With the voyage set to end on Jan. 1, the claims allege the captain declined to allow anyone off the boat at the island of Exhuma because of rough waters, which led to another 18 hours of sailing back to Nassau on open ocean — an act of “false imprisonment” that resulted in “panic attacks, trauma and fear of death by drowning.”
News of the lawsuits connected to Melnyk, who has owned the Senators since 2003 and been a resident of Barbados since the 1990s, turned some of the attention away from his young team’s promising end to another playoff-less campaign that culminated with a surge up the standings.
Led by the likes of Brady Tkachuk, Tim Stutzle and Thomas Chabot, the future appears bright in the nation’s capital.

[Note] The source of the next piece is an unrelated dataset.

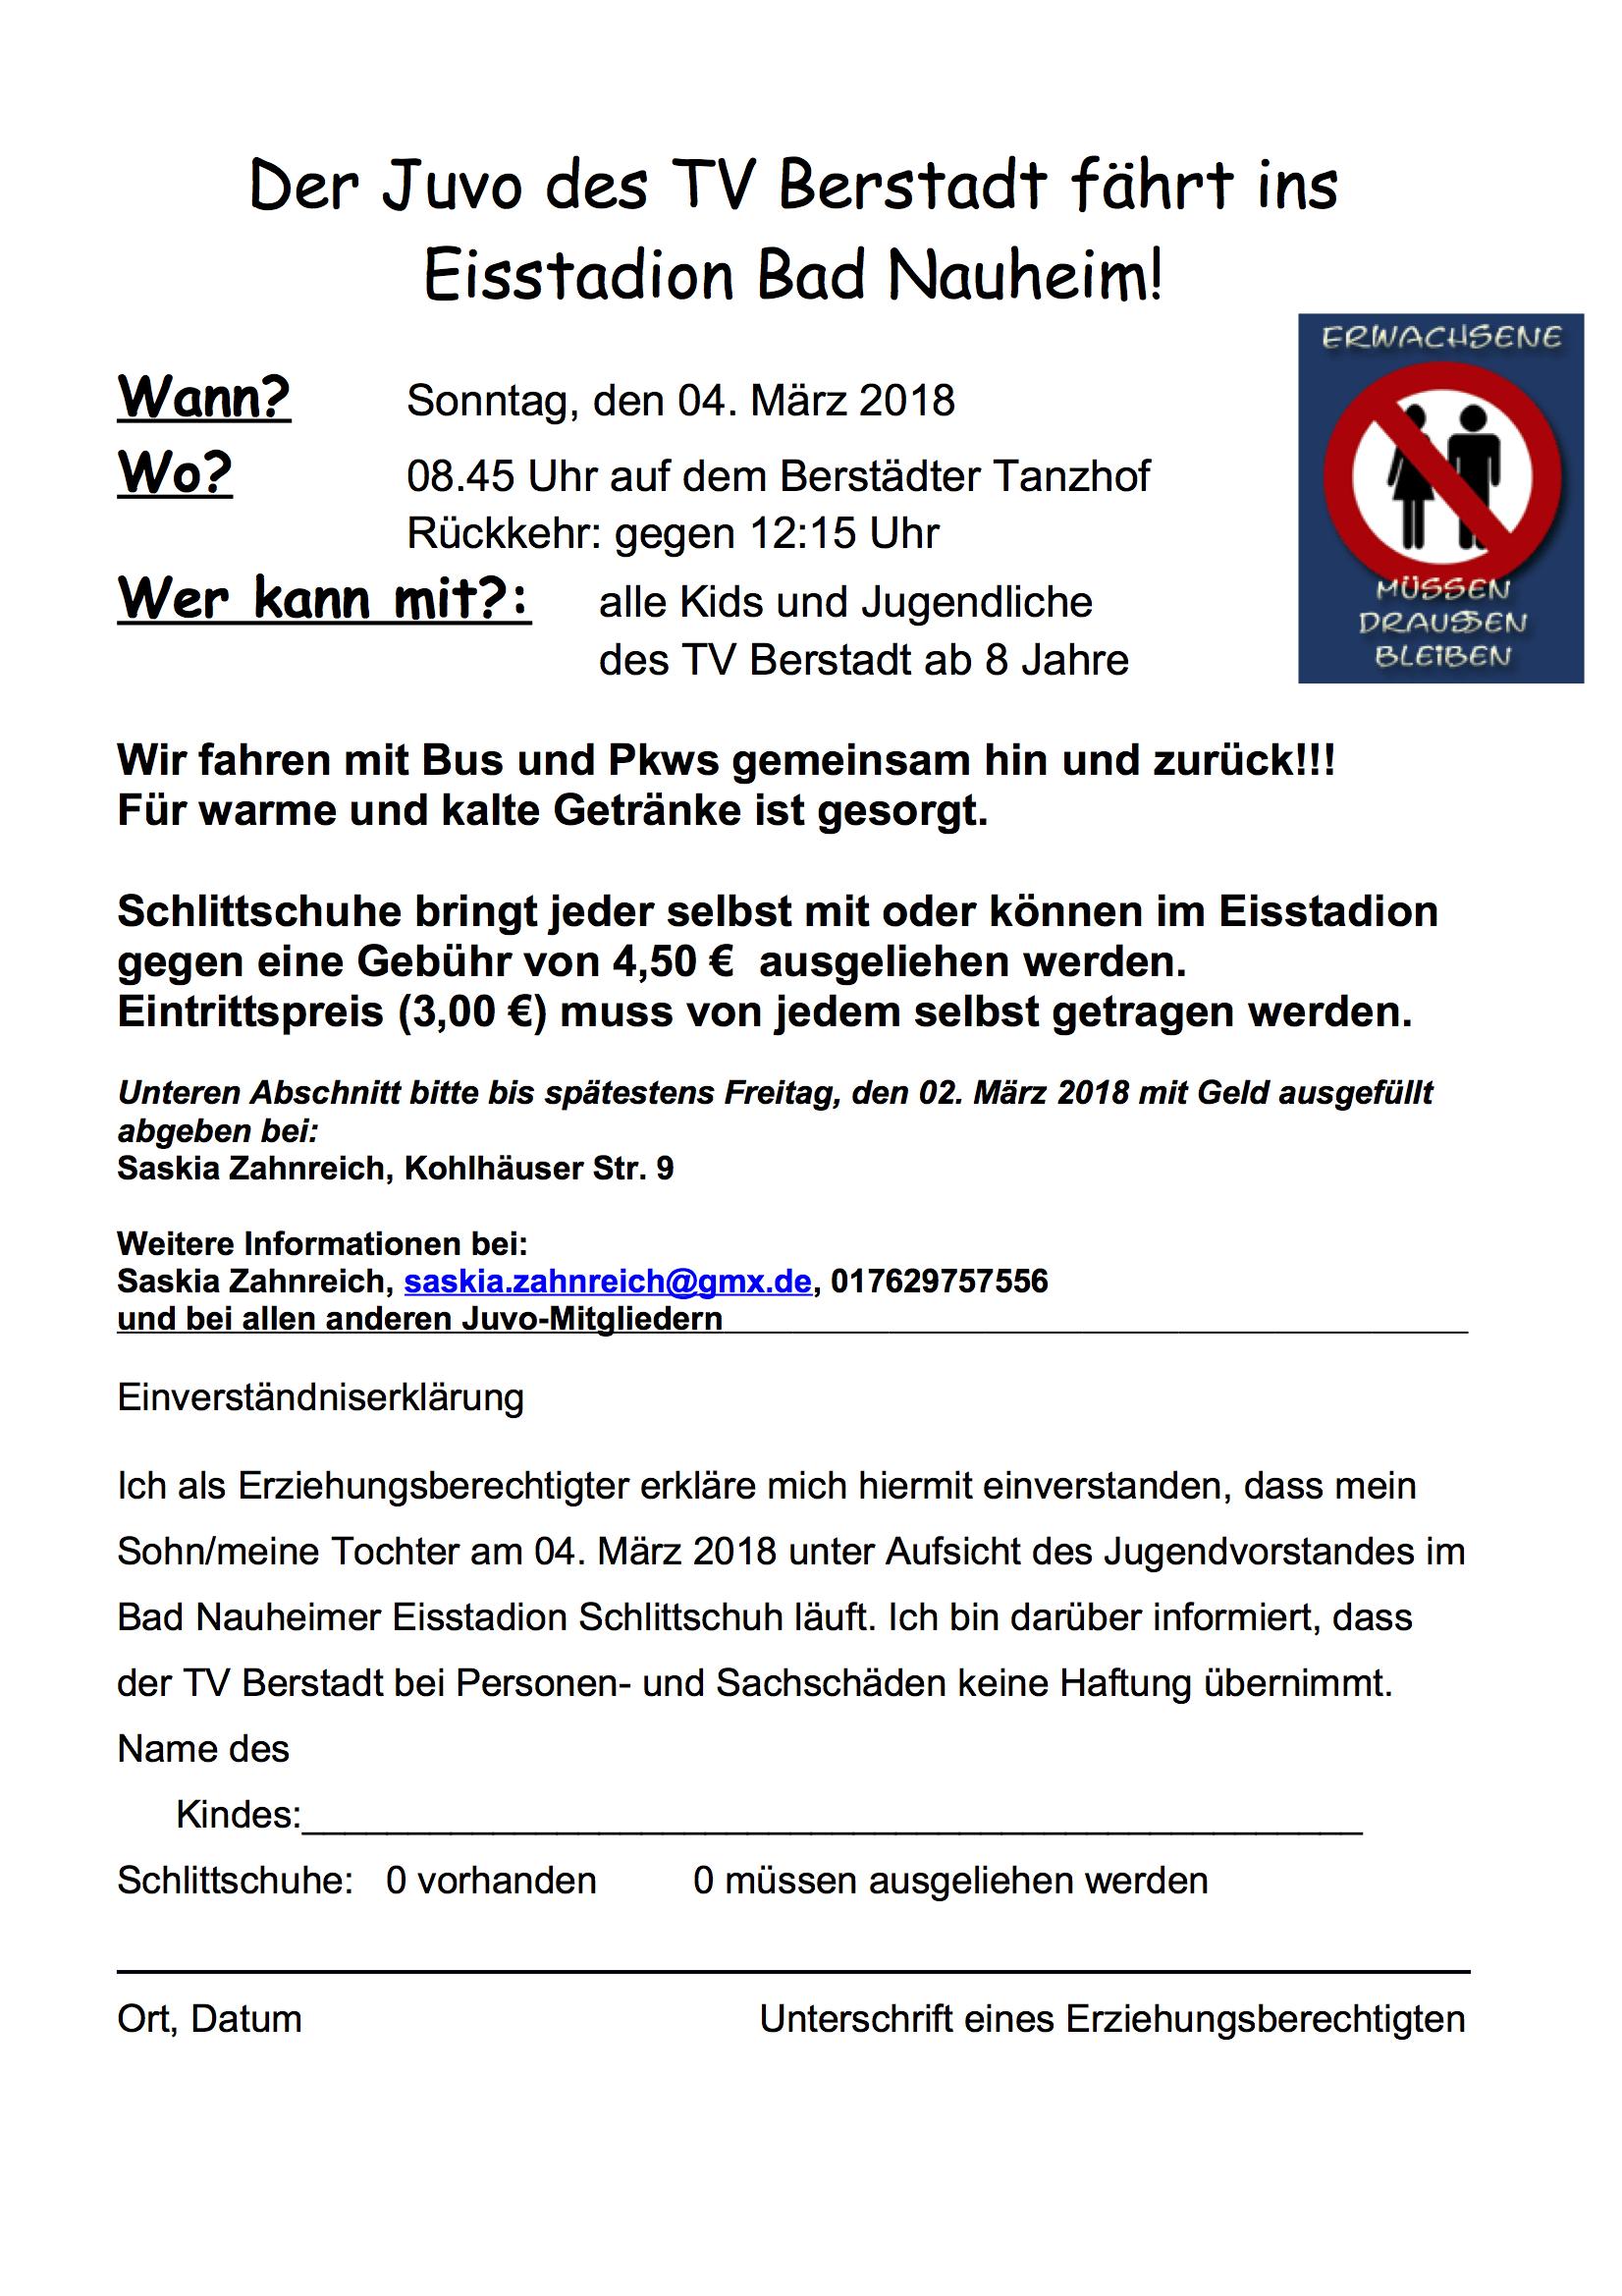 Groß Leer Wird Wieder Ausgefüllt Bilder - Beispiel Wiederaufnahme ...

Ottawa was a double-overtime goal in Game 7 away from reaching the Cup final four years, but highlights have been few and far between since — often with Melnyk at the centre of the storm.
It started ahead of Ottawa’s showcase outdoor game in December 2017 when he mused the team might be forced to relocate if attendance didn’t increase.
With some fans furious at ownership, four billboards with the #MelnykOut hash tag went up at four locations across the city thanks to a GoFundMe campaign that raised more than $10,000 in less than a month as attendance issues persisted.
In May 2018, then-Senators assistant GM Randy Lee was charged with second-degree harassment after allegedly making lewd comments and rubbing the shoulders of a 19-year-old male hotel shuttle driver in Buffalo during the NHL’s pre-draft combine. He was suspended by the team in June and stepped down in August. Both the team and Lee eventually settled the lawsuit out of court.
A month later, news emerged that the wife of Senators captain Erik Karlsson had filed an order of protection against the fiancee of Senators forward Mike Hoffman, alleging harassment and cyberbullying. Hoffman was traded a week later.
And just prior to the Lee and Karlsson-Hoffman stories breaking, franchise icon Daniel Alfredsson was quoted by a blogger saying he hoped the team would be sold to ensure its future in Ottawa. The blogger opted to publish the quote after Alfredsson told the writer they were off the record.
Prior to training camp that fall, defenceman Mark Borowiecki and Melnyk appeared in an awkward team-produced video focusing on the franchise’s rebuild that went viral. With just one year left on his contract and after he didn’t accept an offer for an extension over the summer, Karlsson was dealt to the San Jose Sharks for four players and two draft picks shortly thereafter.
A report then emerged in November 2018 about a video from an Uber vehicle featuring seven Senators players discussing their ineffective systems and mocking assistant coach Martin Raymond.
Despite all the drama, fans were still buoyed by the fact the team was working toward securing a downtown arena to replace Canadian Tire Centre, which is located in suburban Kanata, far from city’s core.
But that deal to redevelop the Lebreton Flats site fell through as Melnyk and his former partners on the project started suing each other. Since then, Melnyk has been involved in more lawsuits, including separate claims involving his private jet and a Connecticut casino.
The team has also burned through a number of high-ranking executives since Cyril Leeder, a member of the organization since 1992, was abruptly fired in January 2017.